David Howlett “This is classical Latin, poetry, but read backwards. If we return to the straightforward Carausius inscription and count at
intervals of seven letters, we find the name of the woman who designed this, which is Viola. Yorvert and Rallaund in sepulchres look in peace for
the awesome advent of the judgement. O sanctissima mulier hic lacit. Que fuit amatissima coniux Biva Tisi. Au diva. A most holy woman here lies
who was the most beloved wife of Biva Tisus. In morals, discipline and for wisdom than gold and precious stones, this woman was better. Now,
she is the most holy, most beloved wife of a bishop.”
You’ve said that there are thousands of these dark age inscriptions. That does rather imply that there were awful lot of readers. Some of
these inscriptions are on hillsides in deepest Brahaneum. The imply that there is a large class, large enough numbers to make this worthwhile.
David Howlett “These islands are the focus for the real survival of Latin. If you imagine that at the time of the departure of the legions, the
Brits are the only people in Europe who carry on writing very literary Latin. This stayed pure, as they were the only people in Europe who did not
speak a Romance mother tongue. There was less linguistic interference from one to the other, so they learned Latin by the book. Rather like Salman
Rushdie learning English by the book and then writing very high-level literary language. The Brits are the only ones in Europe who do this.”

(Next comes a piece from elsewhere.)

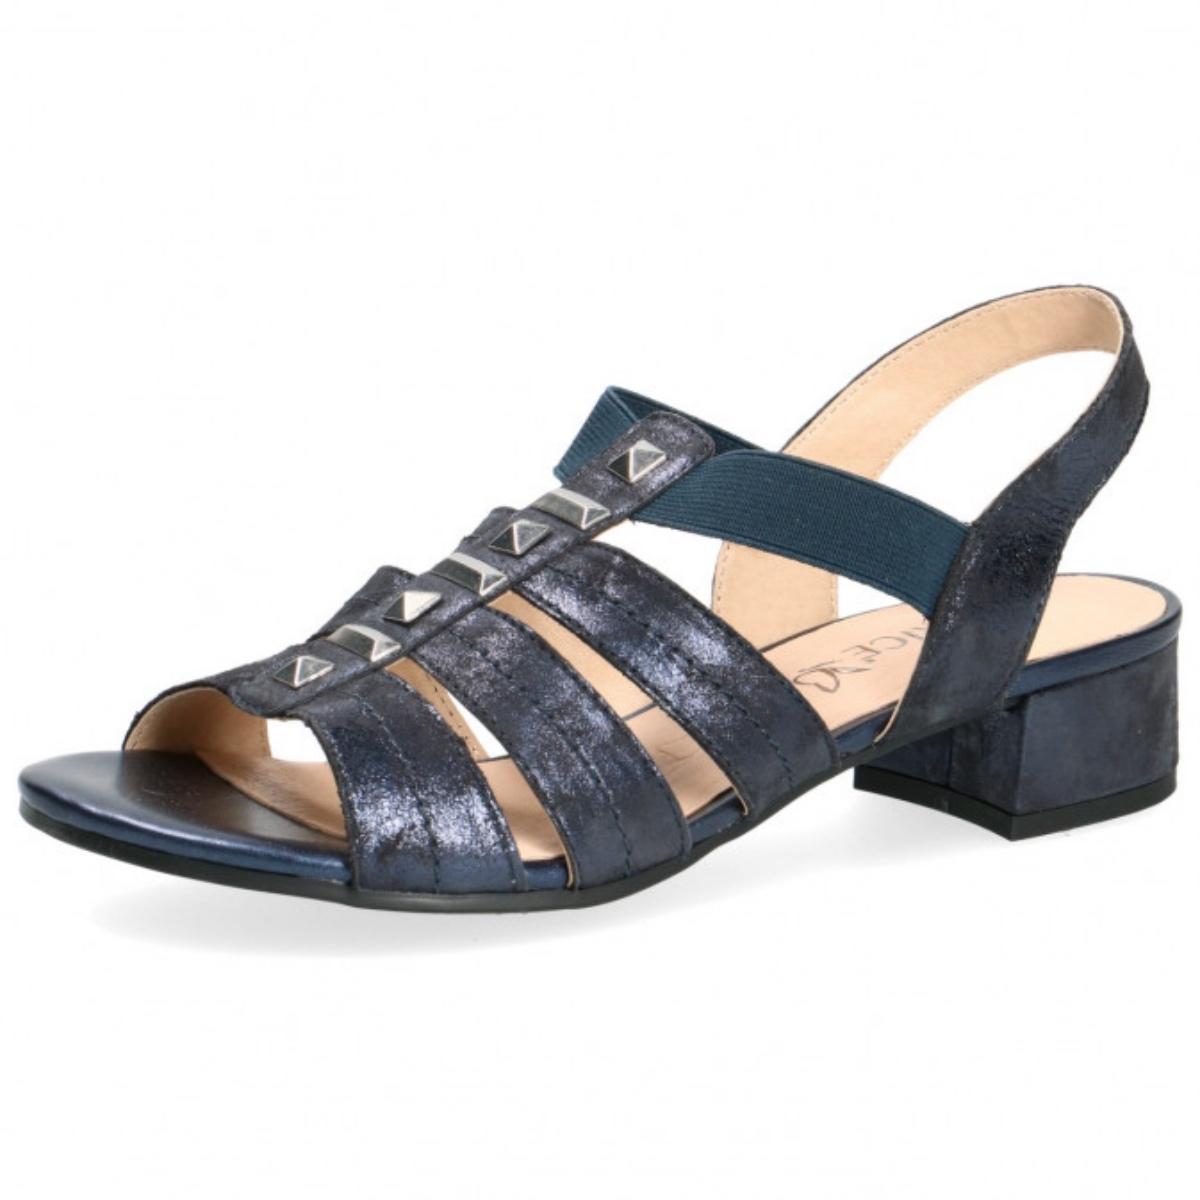 new product on feet images of release date Details zu CAPRICE Damen Riemchensandalen Sandalen Sandaletten 9-28204-22  Ocean Blau

Are we looking at a Renaissance?
David Howlett “For a renaissance to occur, you have to have a dark age, and I don’t think the dark age ever existed. What I see is continuity
in the intellectual life. The fall of Rome in 410, what caused the withdrawal of the legions from Britain, is a finite historical moment with great
ramifications, they are serious and catastrophic. People have just supposed that that was what happened in Roman Britain, but it didn’t. This is
the only place that did not happen.”
So instead of actually turning the lights out, do you actually think that the lights were turned up brighter.
David Howlett “This is the only place in which they were.”